The Lamberth trial goes forward, with Ps arguing that the NWS breached the implied duty of FHFA/Treasury to deal in good faith which was owed to public shareholders. Judge Lamberth has already essentially stated that there was no APA claim, so having SCOTUS agree with him doesnt affect the case moving forward as is. To my mind, Ps should argue that there are exactly zero instances in the history of shareholder capitalism where the terms similar to the NWS have been implemented and upheld…so how could public shareholders have expected the NWS as a possible outcome…and if this is right (and it is), how can the public shareholders have expected that the NWS would comply with this fair dealing duty (understanding that expectations as to what is fair are based in major part on what history and custom informs one to expect).
The court of federal claims case survives with added urgency. If congress is permitted to authorize the conservator to appropriate shareholder wealth, then shareholders should receive the fair value of their expropriated wealth as damages. A major issue in this case is whether this claim “runs with the shares”, or whether only 2012 shareholder can assert this claim.

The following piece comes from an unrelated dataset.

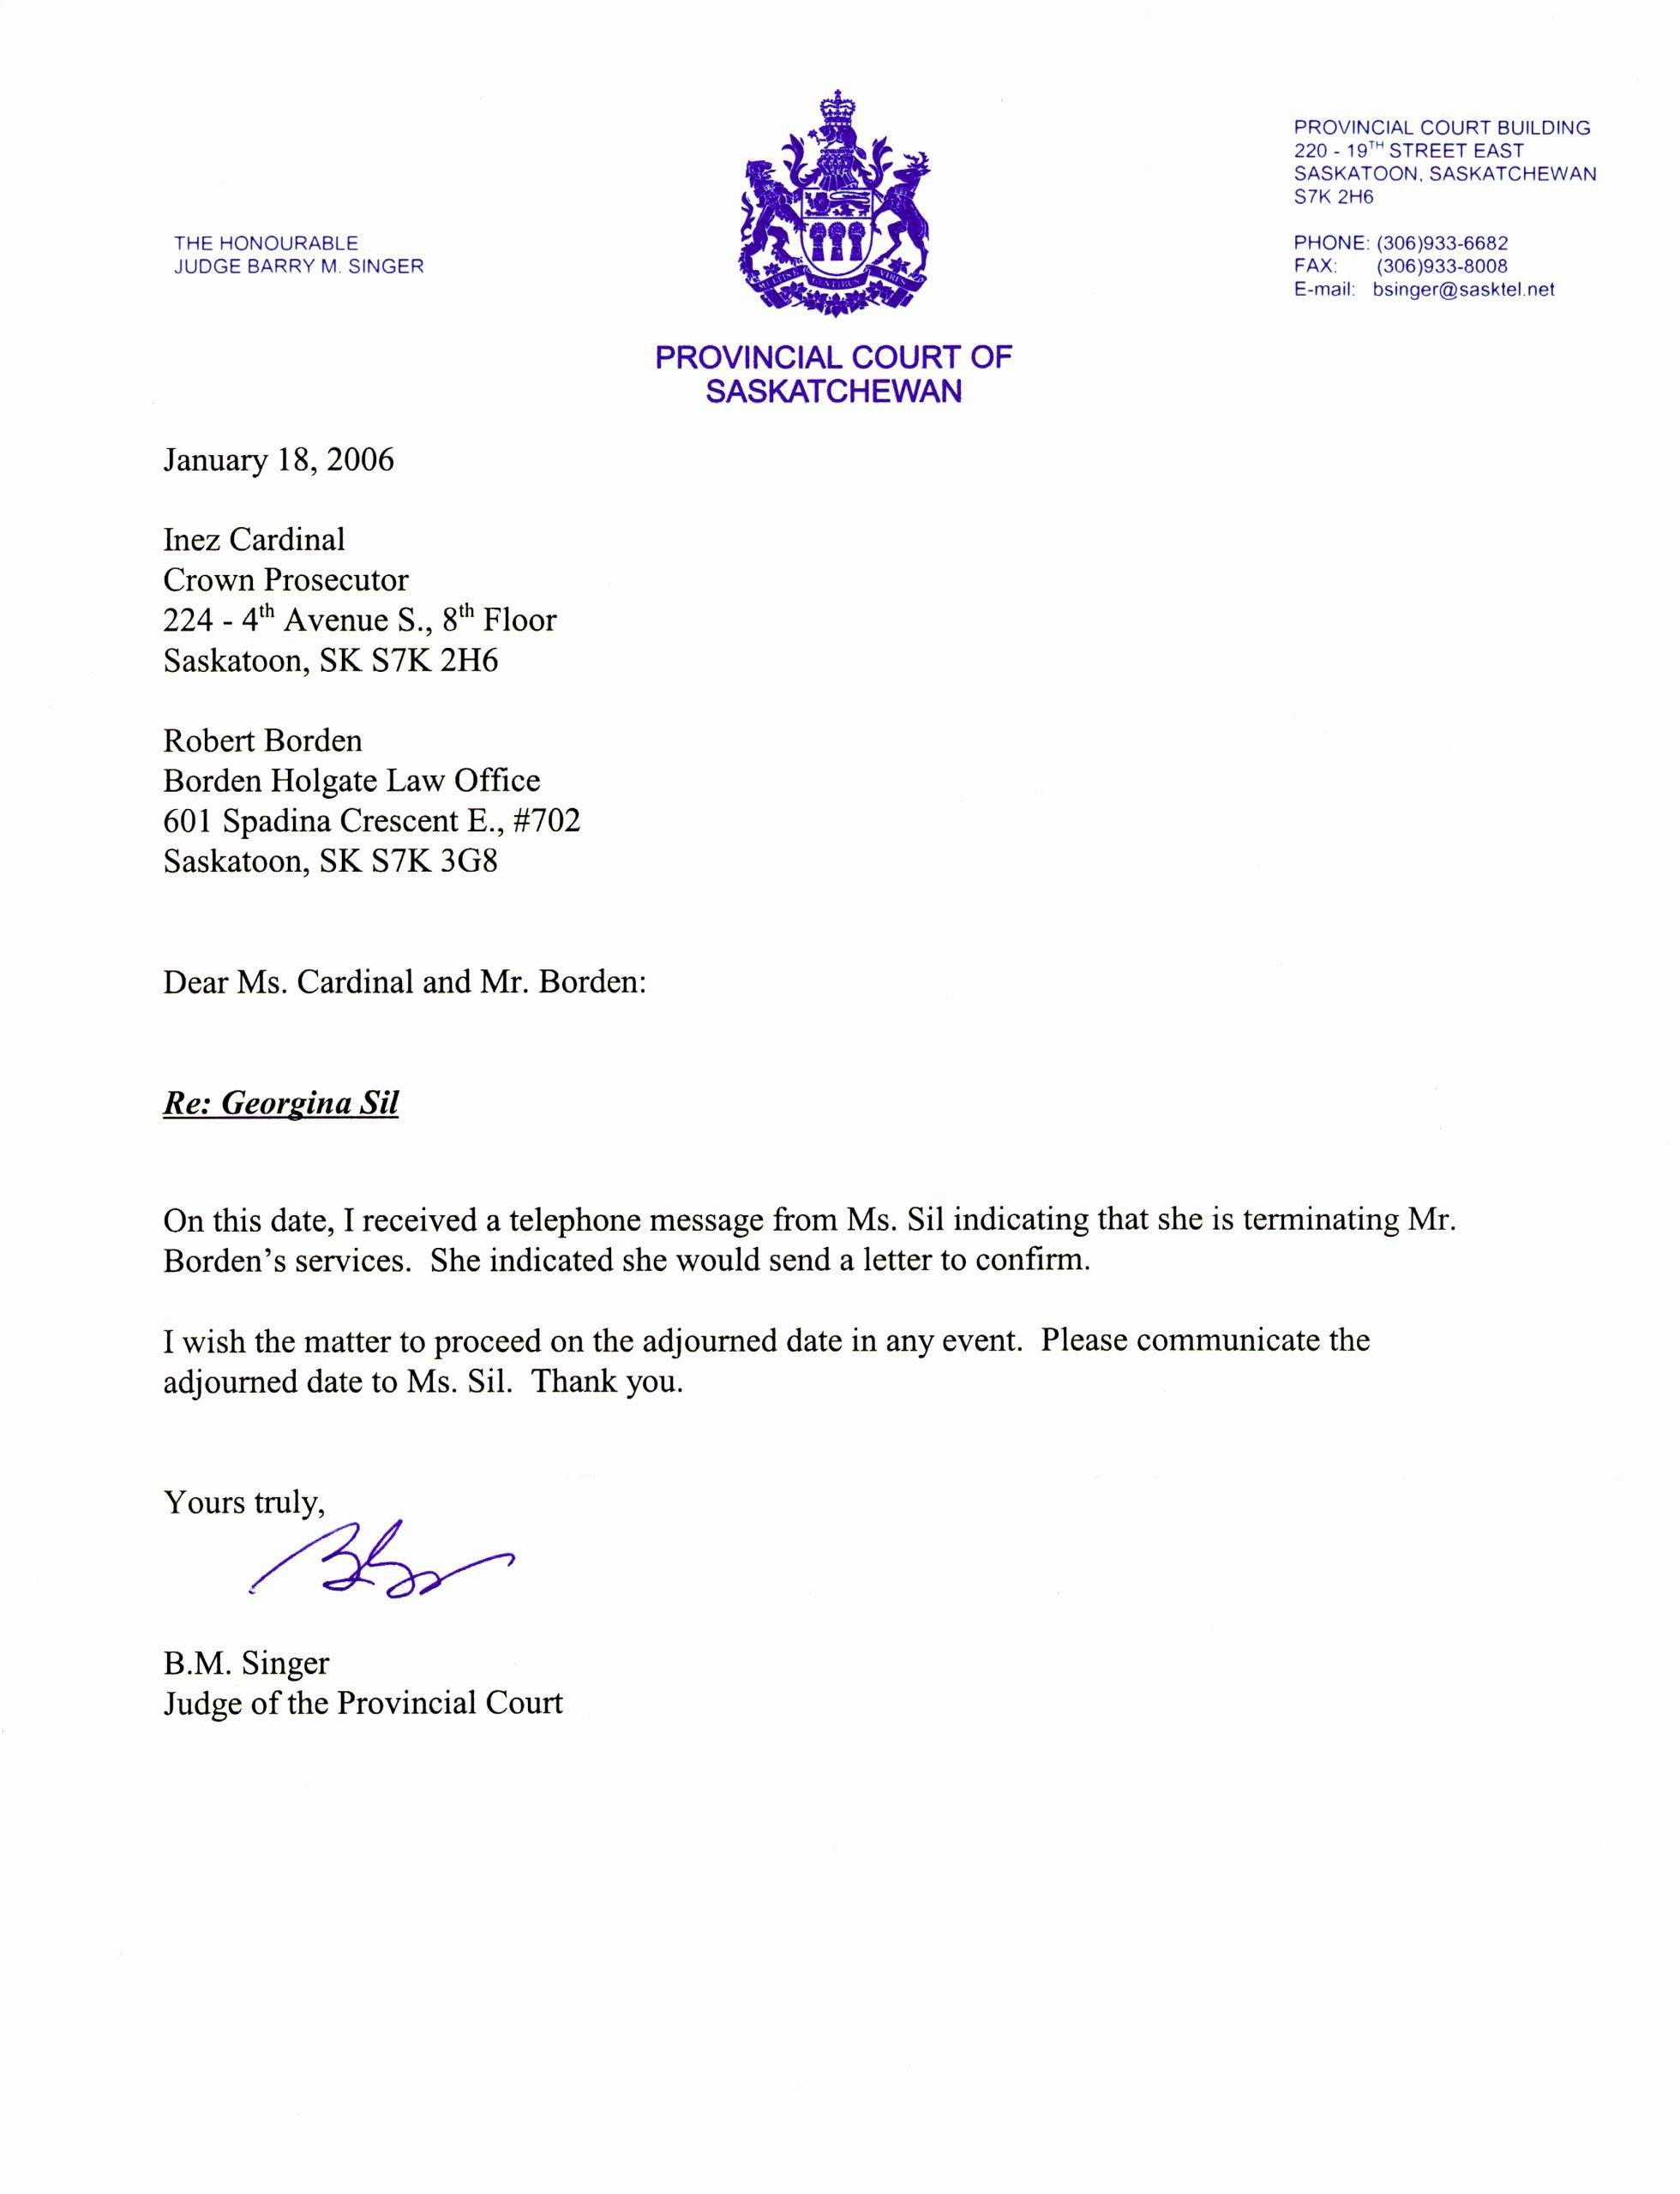 Sample Letter Of Representation Lovely Letter to Terminate attorney Representation

TINA (There Is No Alternative to the GSEs) still exists but the public shareholders ownership claims to the GSEs in the future have taken a hit. Dont ask me how the Biden administration can expect to recapitalize the GSEs given this outcome…and therefore one might expect that the GSEs will simply limp along in conservatorship for the next three years, building capital albeit with the Treasury having the right to all of that capital as its senior preferred stock preference increases.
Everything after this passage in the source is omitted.